Applying the above standards, we discern no reason to disturb DMAHS' decision, as it is amply supported by the record. C.W. argues the Director's overturning both UCDSS' and the ALJ's partial reduction in her penalty was "absurd" and failed to properly interpret and apply Medicaid Communications Nos. 10-02 and 10-06. Put simply, this argument cannot withstand even the most forgiving scrutiny. DMAHS issued Medicaid Communication No. 10-02 on May 26, 2010, which provided no adjustments to an applicant's penalty period can be made absent a "satisfactory showing" of compliance with 42 U.S.C.A. 1396p(c)(2)(C)'s requirements that

(i) the individual intended to dispose of the assets either at fair market value, or for other valuable consideration, (ii) the assets were transferred exclusively for a purpose other than to qualify for medical assistance, or (iii) all assets transferred for less than fair market value have been returned to the individual.

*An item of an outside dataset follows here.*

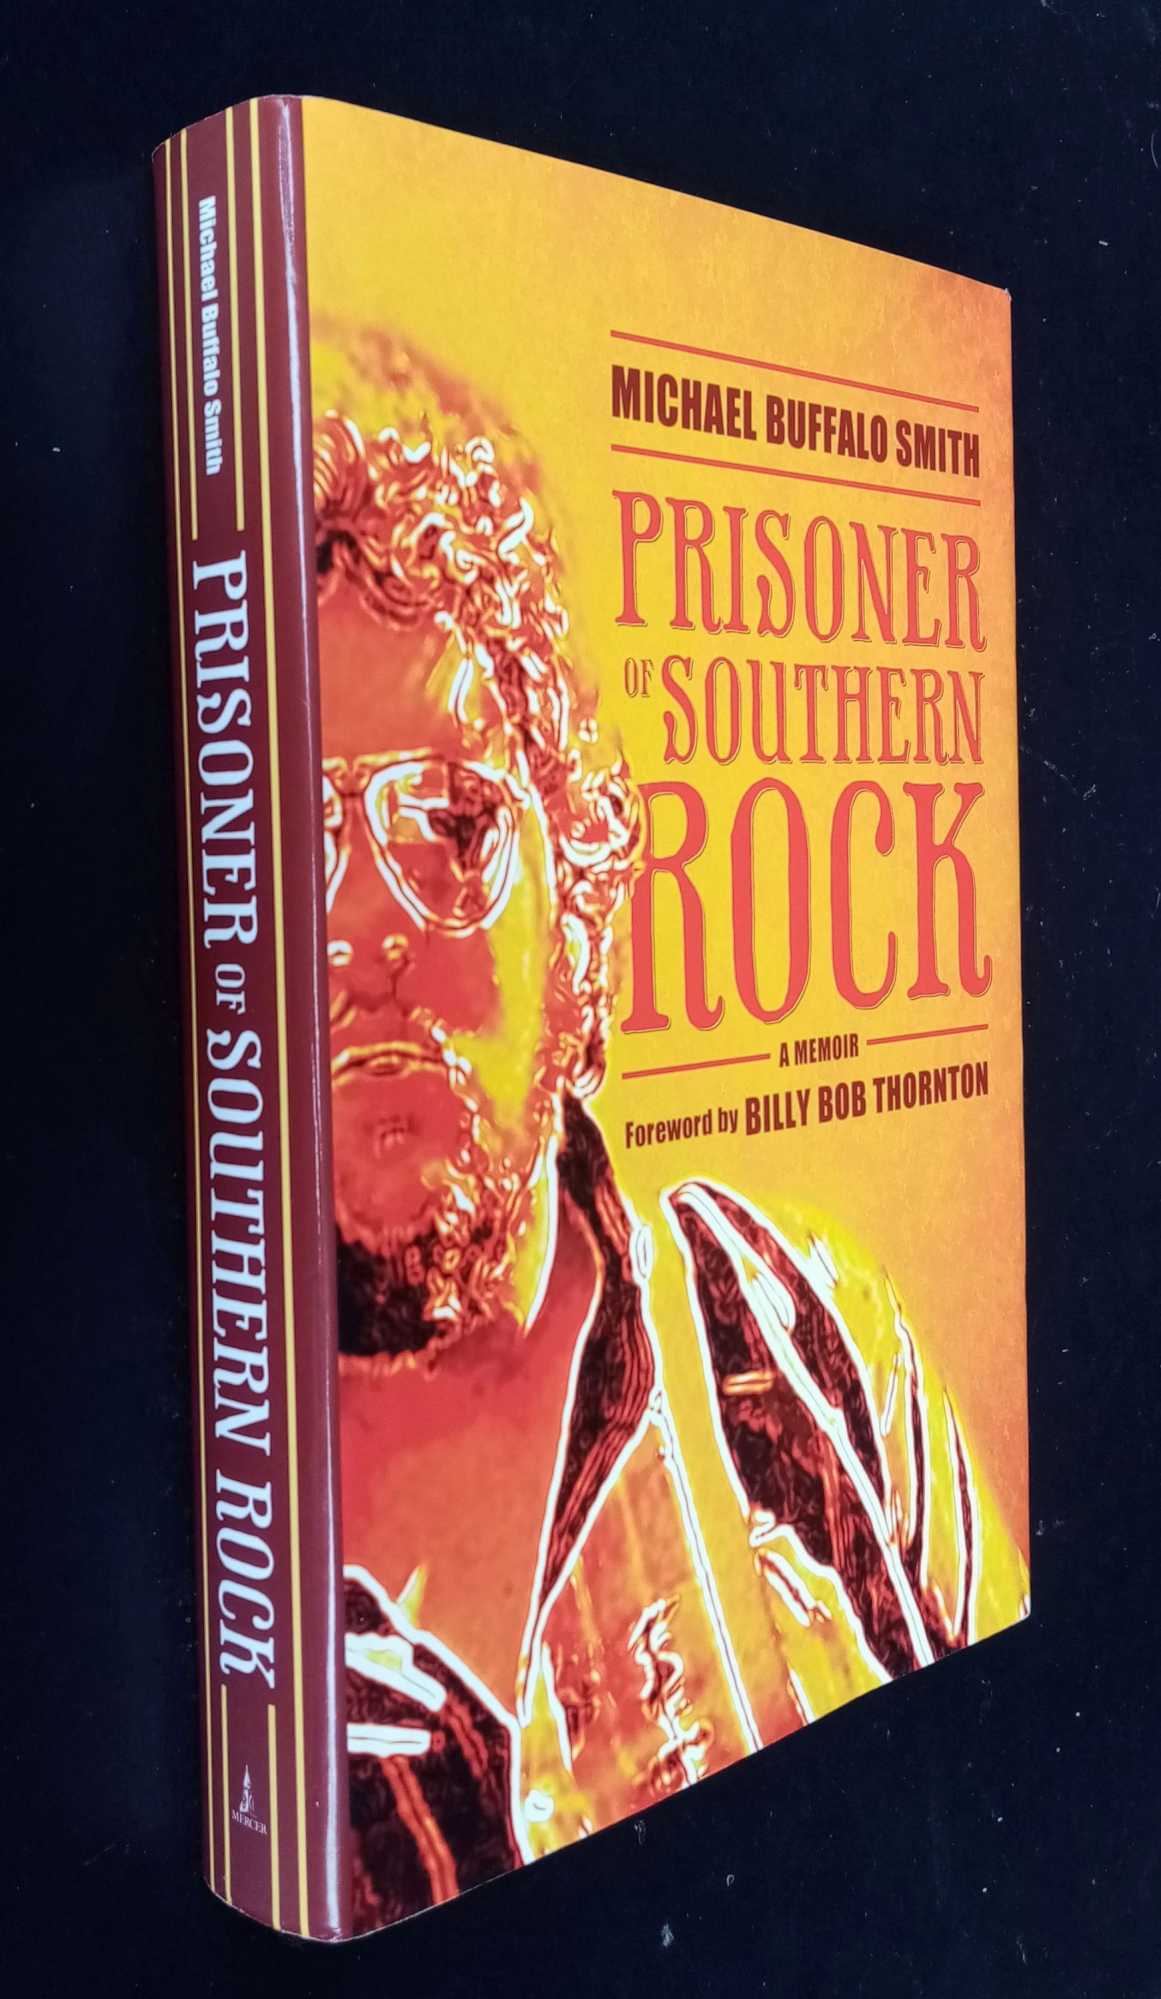 Michael Buffalo Smith - Prisoner of Southern Rock: A Memoir

On July 19, 2010, DMAHS issued Medicaid Communication No. 10-06, with the purpose of clarifying its treatment of returned assets under 1396p(c)(2)(C). The clarification stated

The above [federal statute] is applicable to transfers for less than fair market value and adjustments to the penalty period cannot be made absent the return of all assets. A partial return of assets may have resulted in a reduced penalty period for Medicaid applications filed prior to May 26, 2010, where assets were partially returned prior to May 26, 2010.

The reductions in C.W.'s penalty period at issue resulted from her second application for Medicaid benefits, dated January 29, 2013. Therefore, on its face, No. 10-06's limited provision for a reduced penalty period following a partial return of assets previously transferred during the look-back period is not applicable. C.W.'s proposed interpretation of the regulations distorts the fundamental facts at the heart of this case: she applied for benefits in 2008, was denied, had a penalty imposed for improperly transferring assets during the look-back period and elected not to challenge that determination. C.W. points to no regulation or other authority, nor are we able to locate any, supporting the proposition she should be able to relitigate a previously-adjudicated and finalized penalty through a subsequent and wholly independent reapplication.

We are satisfied there is sufficient credible evidence in the record supporting DMAHS' decision and the decision was not arbitrary, capricious or unreasonable. See R.S., supra, 434 N.J. Super. at 261. As such, we agree with the Director that UCDSS' and the ALJ's reductions to C.W.'s penalty lacked any legal support and were therefore improper.6 We hold the initial penalty period of ten years, four months and thirteen days remains in force.

Affirmed.


1 The same two children had previously been named agents-in-fact to C.W. by virtue of C.W. executing a general durable power of attorney.

2 C.W. has subsequently attempted to construe the agreement as creating a family trust.

3 On February 8, 2006, the Deficit Reduction Act of 2005 enlarged the look-back period from thirty-six months to sixty months. Deficit Reduction Act of 2005, Pub. L. No. 109-171, 120 Stat. 4 (2006); see also 42 U.S.C.A. 1396p(c)(1)(B)(i).

4 N.J.A.C. 10:71-4.1(d) defines "value" as "the price that the resource can reasonably be expected to sell for on the open market in the particular geographic area minus any encumbrances (that is, its equity value)."

5 "In determining whether or not an asset was transferred for fair-market value, only tangible compensation, with intrinsic value shall be considered." N.J.A.C. 10:71-4.10(b)(6)(i).

6 In light of our holding, we need not address the question of whether the Director erred in concluding the family agreement entered into by C.W.'s children did not result in a trust-like vehicle for the protection of C.W.'s assets.